A few days after a pregnancy test confirmed my third pregnancy, I shared the news with my boyfriend and called my local early pregnancy clinic to arrange a scan.
With my medical history and the hospital’s previous experience of caring for me at this early stage, I felt more comfortable to make the trip there to feel that I had at least, some semblance of consistency.
A date was given for one weeks’ time. Enough for my boyfriend and I to start to feel excited about the pregnancy and all the ‘right signs’ being present. Sickness. Achy. Tired. Eager for confirmation of our next steps.
A week later, we visited the hospital, eager to know exactly what was going on. As we entered the scan room, my boyfriend squeezed my hand as I left the room to empty my bladder, before returning to the room.

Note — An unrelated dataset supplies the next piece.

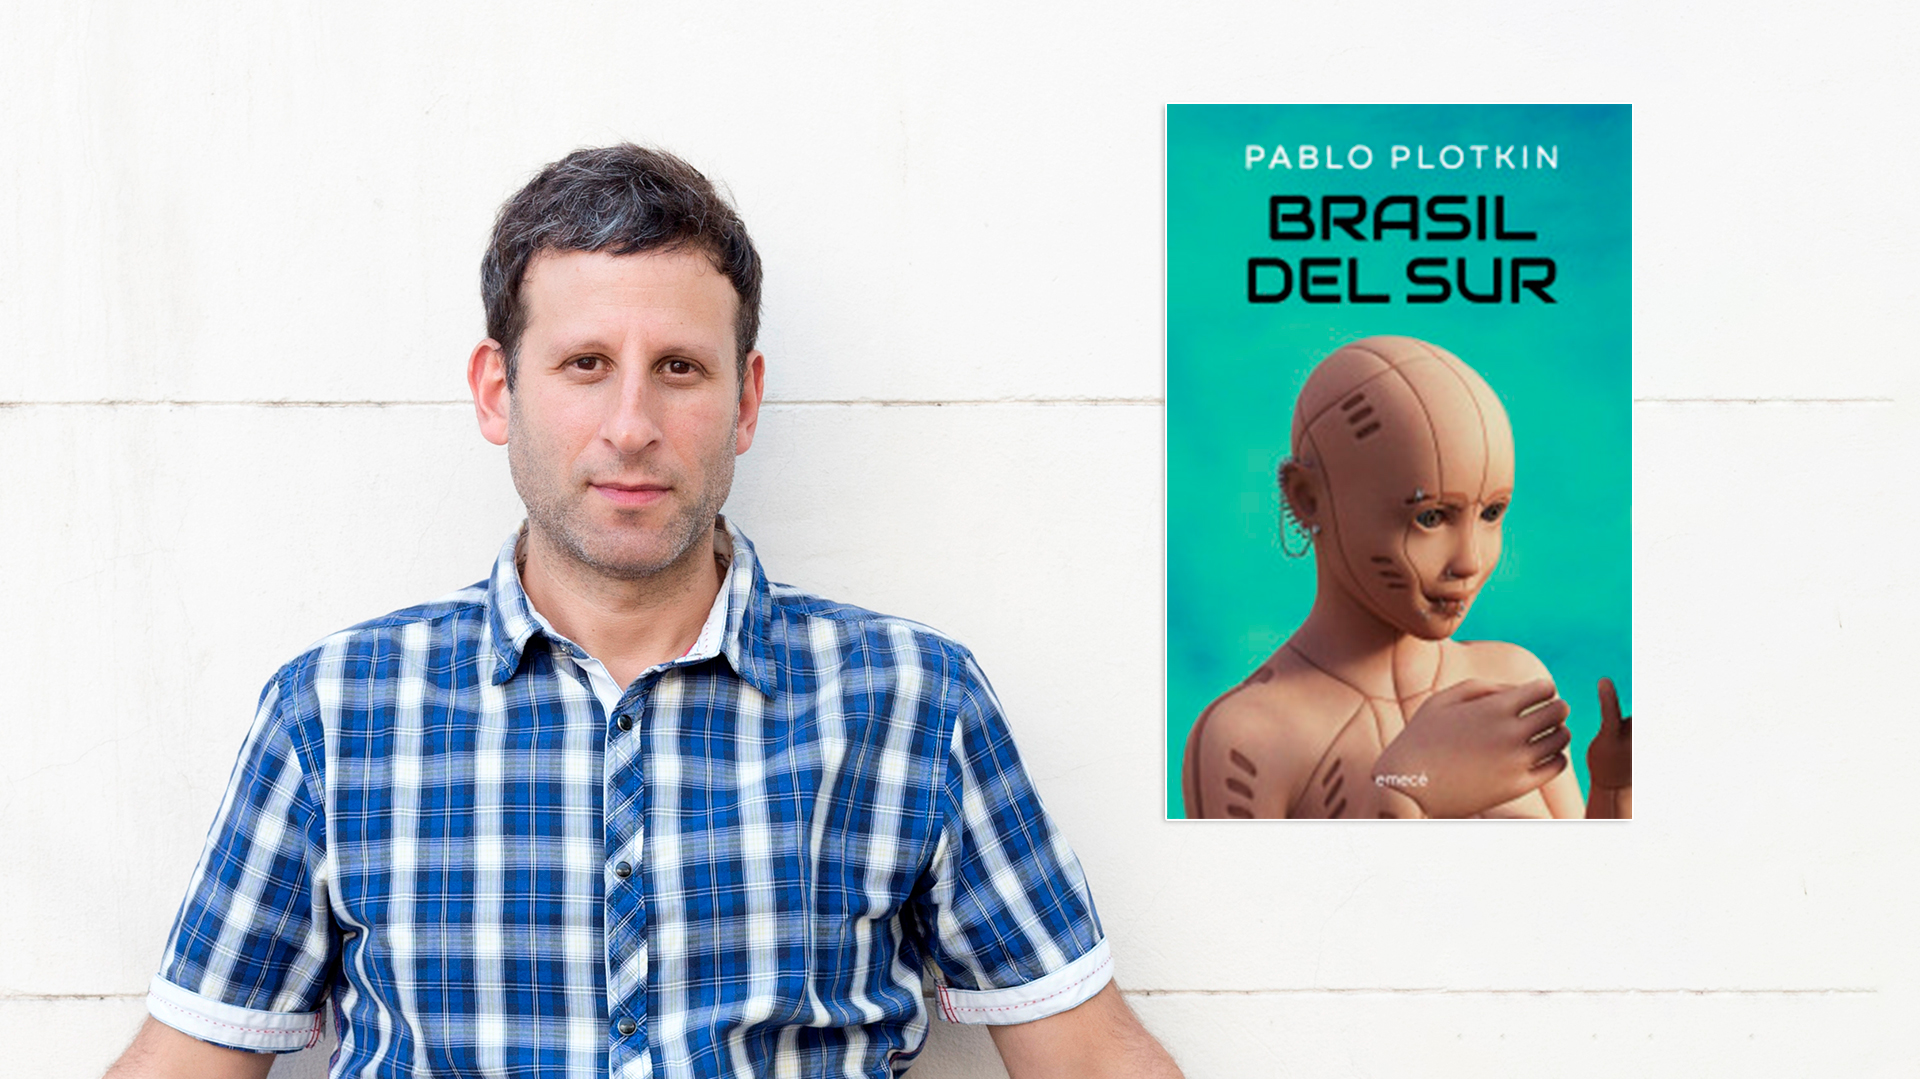 Gobiernos totalitarios, inteligencia artificial y dilemas éticos: cómo es “Brasil del Sur”, la nueva novela de Pablo Plotkin

Truth be told, I shed tears in the toilet. I realised that I was so pent up with anxiety that I my again be facing bad news. But at the same time, the signs look so good.

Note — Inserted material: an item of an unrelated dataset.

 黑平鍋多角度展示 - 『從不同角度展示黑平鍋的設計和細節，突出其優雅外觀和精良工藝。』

It’s hard to place exactly how the mind works in this situation. The uncertainty is enough to drive anybody crazy with worry.
When I entered the room and positioned myself on the bed for a transvaginal scan, I couldn’t stop the tears flowing as the sonographer prepared me for the scan and started to collect the images on the screen. My boyfriend waited quietly on the other side of the curtain before the sonographer asked whether I wanted him there for the feedback – of course, I said.
He joined my side and reassuringly squeezed my hand as the sonographer turned the screen to our faces. A heartbeat. Beating strong and healthy, we were greeted by a heartbeat and we both instantly fell silent.
To say that the feeling was incredible would be an understatement. But we were simply overwhelmed with joy that at a little over 6 weeks’ pregnant, we finally had what appeared to be a perfectly healthy heartbeat – a first for both of us.